La idea de que nuestro sistema educativo, en general, enseña a todos los estudiantes de manera estandarizada, ignorando las diferencias en los estilos y habilidades de aprendizaje, es explicación suficiente para la escandalosa tasa de deserción en los Estados Unidos, que en 2008 fluctuó en poco más de 8 %. Las tasas de deserción tienen una serie de correlaciones negativas. Por ejemplo, en 2008, el ingreso anual promedio de las personas que no completaron la escuela secundaria fue de alrededor de 23 mil, mientras que el ingreso de aquellos que recibieron al menos un GED fue de 42 mil. Si cree que la disparidad entre estos números es significativa, piense en la pérdida de ingresos de por vida de $ 630,000 para los que abandonaron los estudios.

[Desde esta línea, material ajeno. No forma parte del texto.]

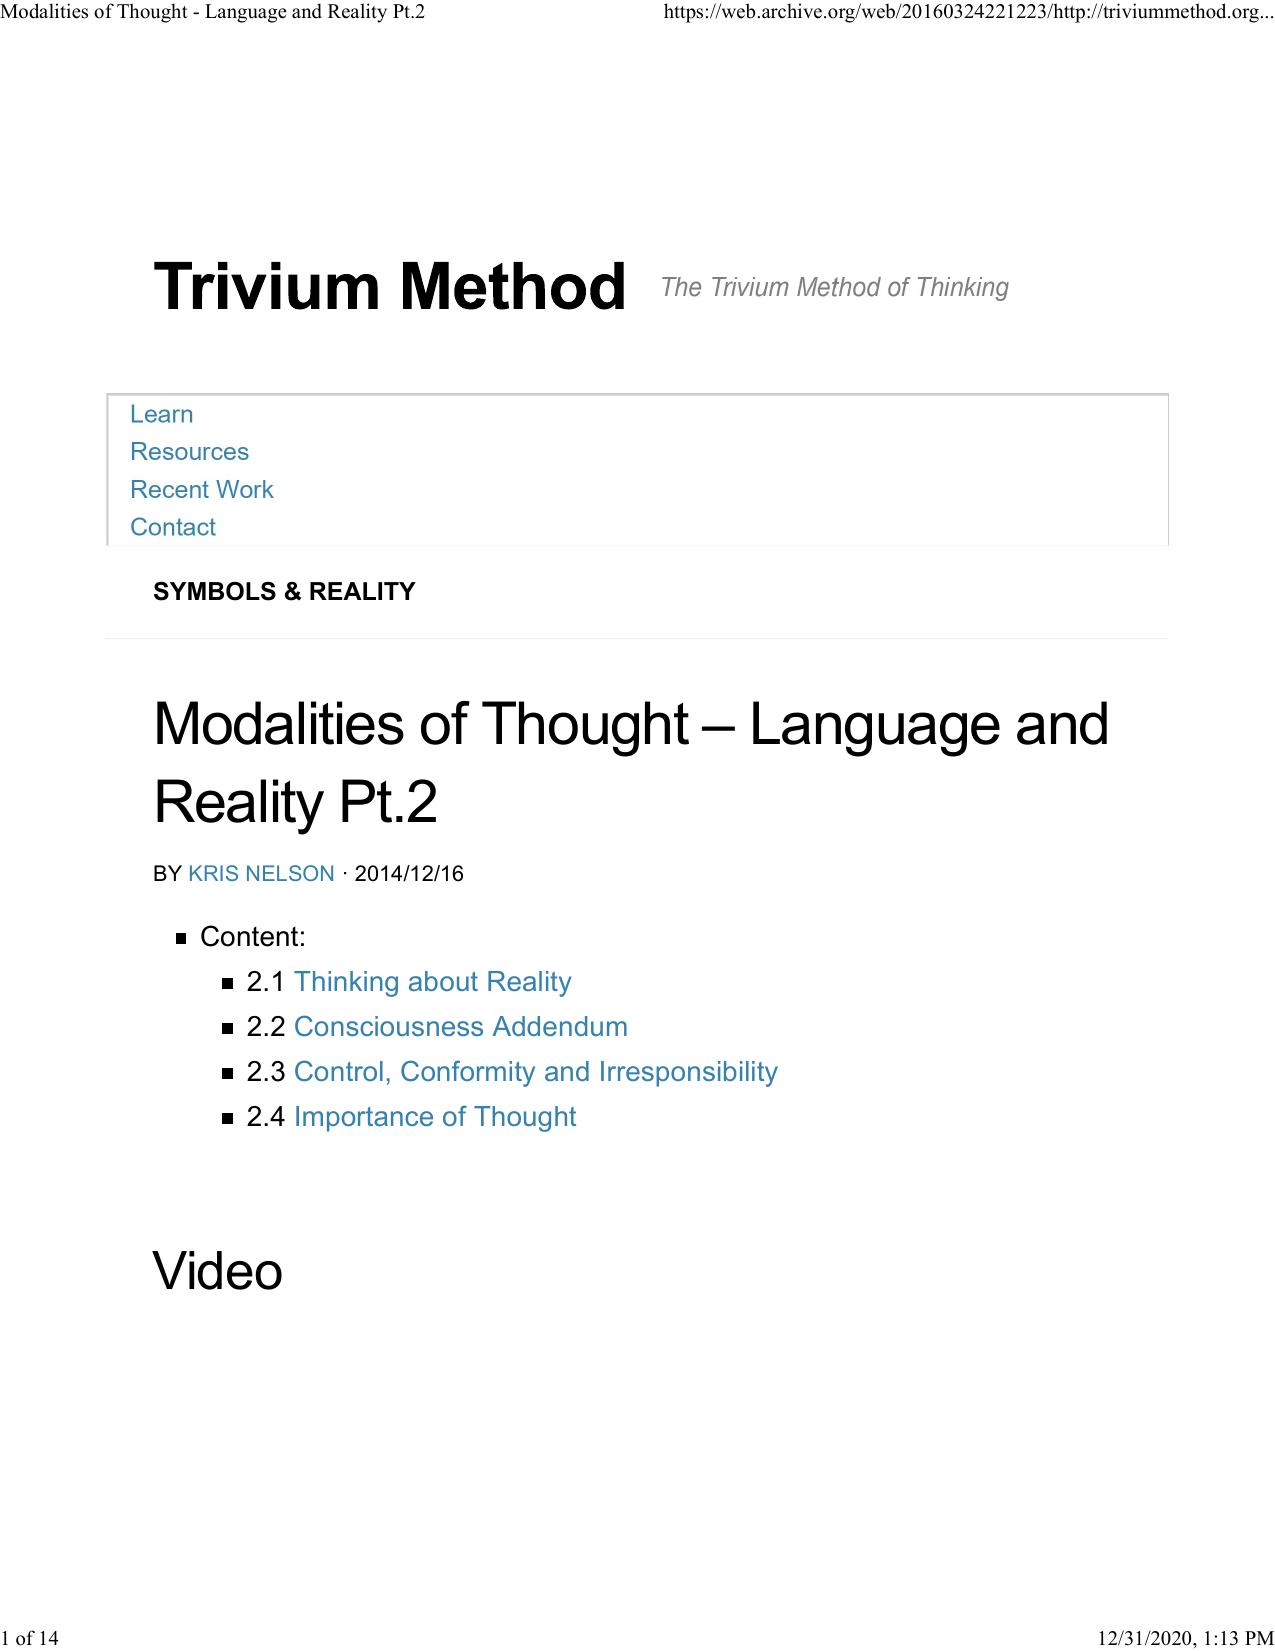 Modalities of Thought - Language and Reality Pt. 2
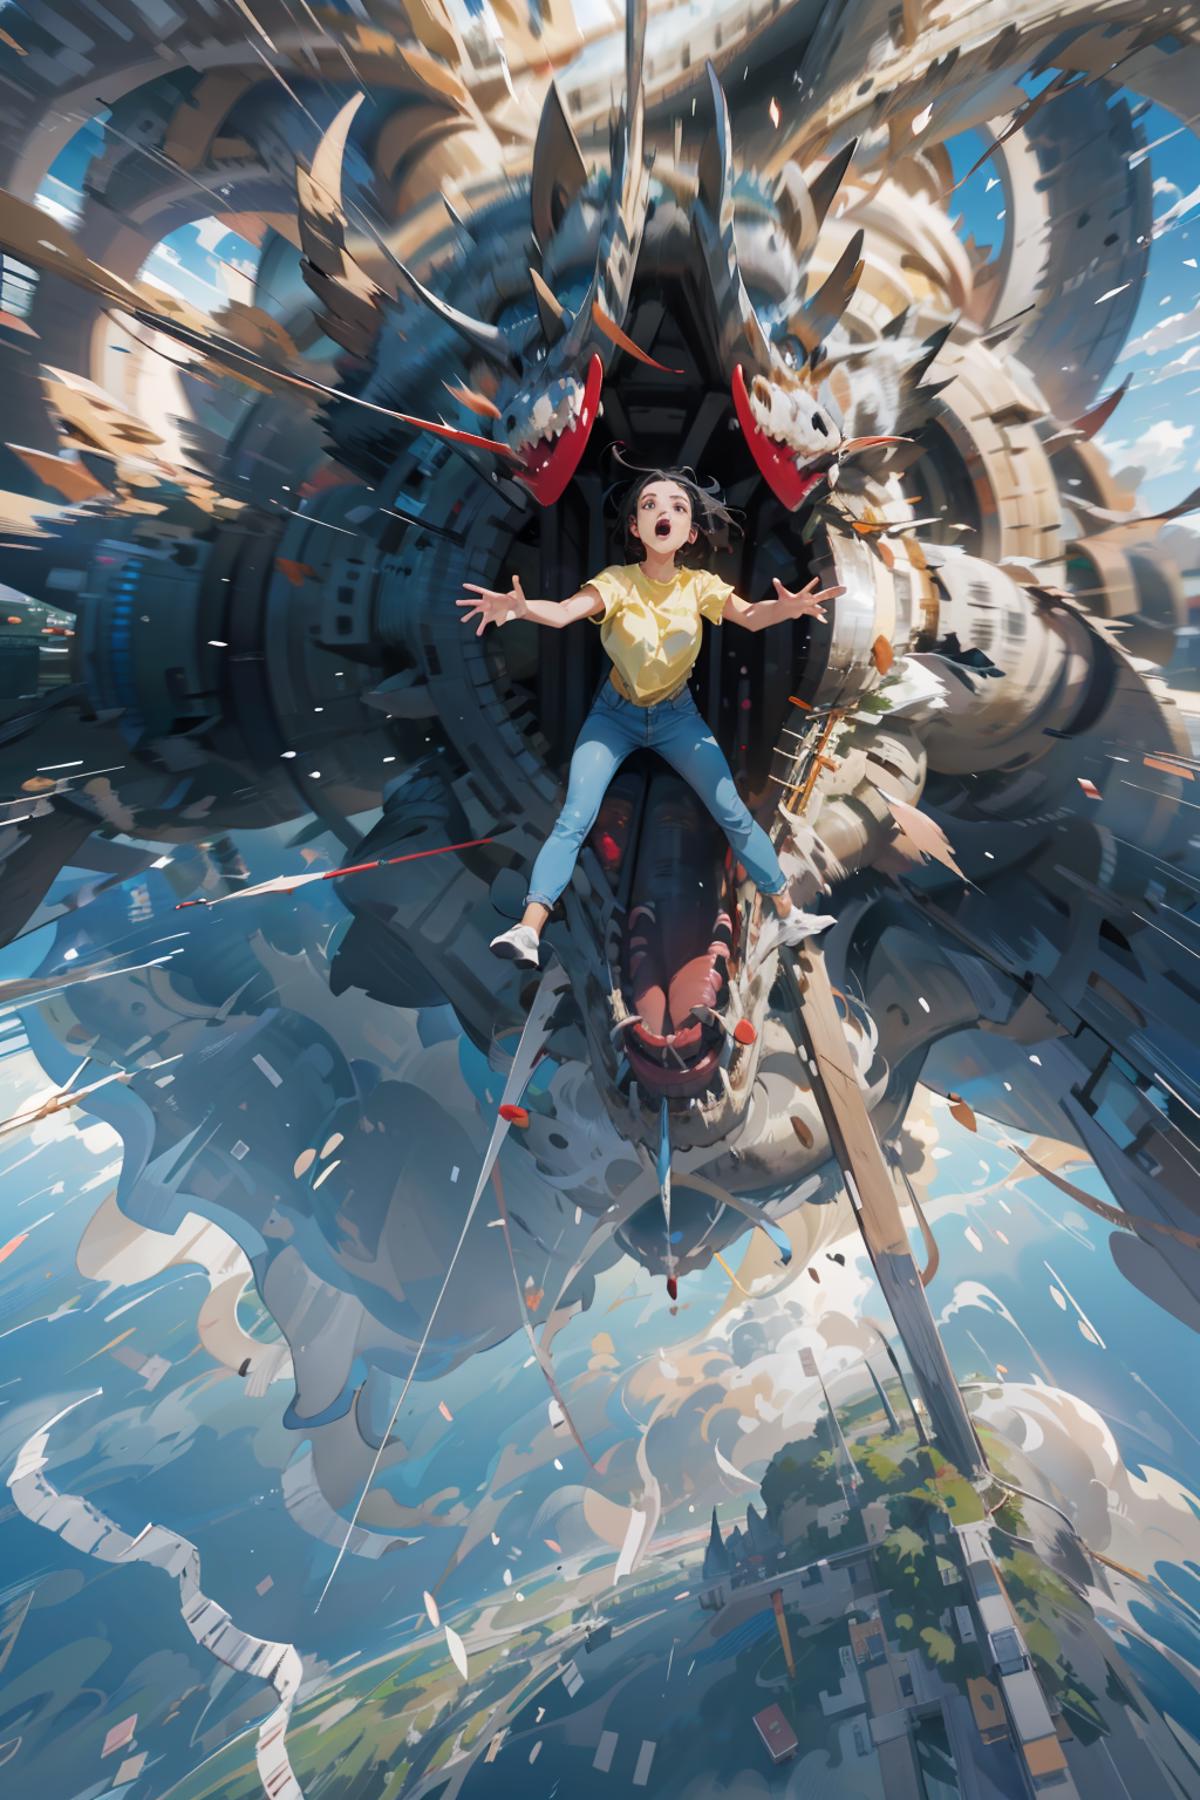 A woman in a yellow shirt is riding a giant robotic dragon.

Haga clic aquí para ver mi fuente de estas estadísticas.

No hace falta ser un especialista en políticas públicas para identificar una causa fundamental del desencanto de nuestra juventud con el sistema educativo: valoramos un solo tipo de inteligencia en nuestra sociedad y en el proceso de “educar” a nuestra juventud., Aniquilamos e invalidamos todas las demás habilidades, con pasión y creatividad. Los estudios han confirmado este fenómeno durante años. Los niños ingresan al sistema educativo con curiosidad, creatividad y voluntad de asumir riesgos. Poco después (alrededor del cuarto o quinto grado), aprenden que cometer errores es incorrecto, vergonzoso y, a menudo, punible. La mayoría de nosotros lo recordamos en el contexto de un tema en particular. La mía eran las matemáticas y recuerdo la primera vez que me volví hostil a las matemáticas. Estaba en 5º grado y el Sr. Sierchio acababa de pedirle a la clase que resolviera un problema de matemáticas. Como estudiante tras estudiante no calculó la respuesta correctamente, su estado de ánimo aumentó hasta que finalmente se enojó tanto que comenzó a empujar escritorios en el pecho de algunos de los niños, no lo suficiente para lastimar a nadie, pero lo suficiente para asustar a algunos de nosotros. Ese día marcó la última vez que levanté la mano en una clase de matemáticas.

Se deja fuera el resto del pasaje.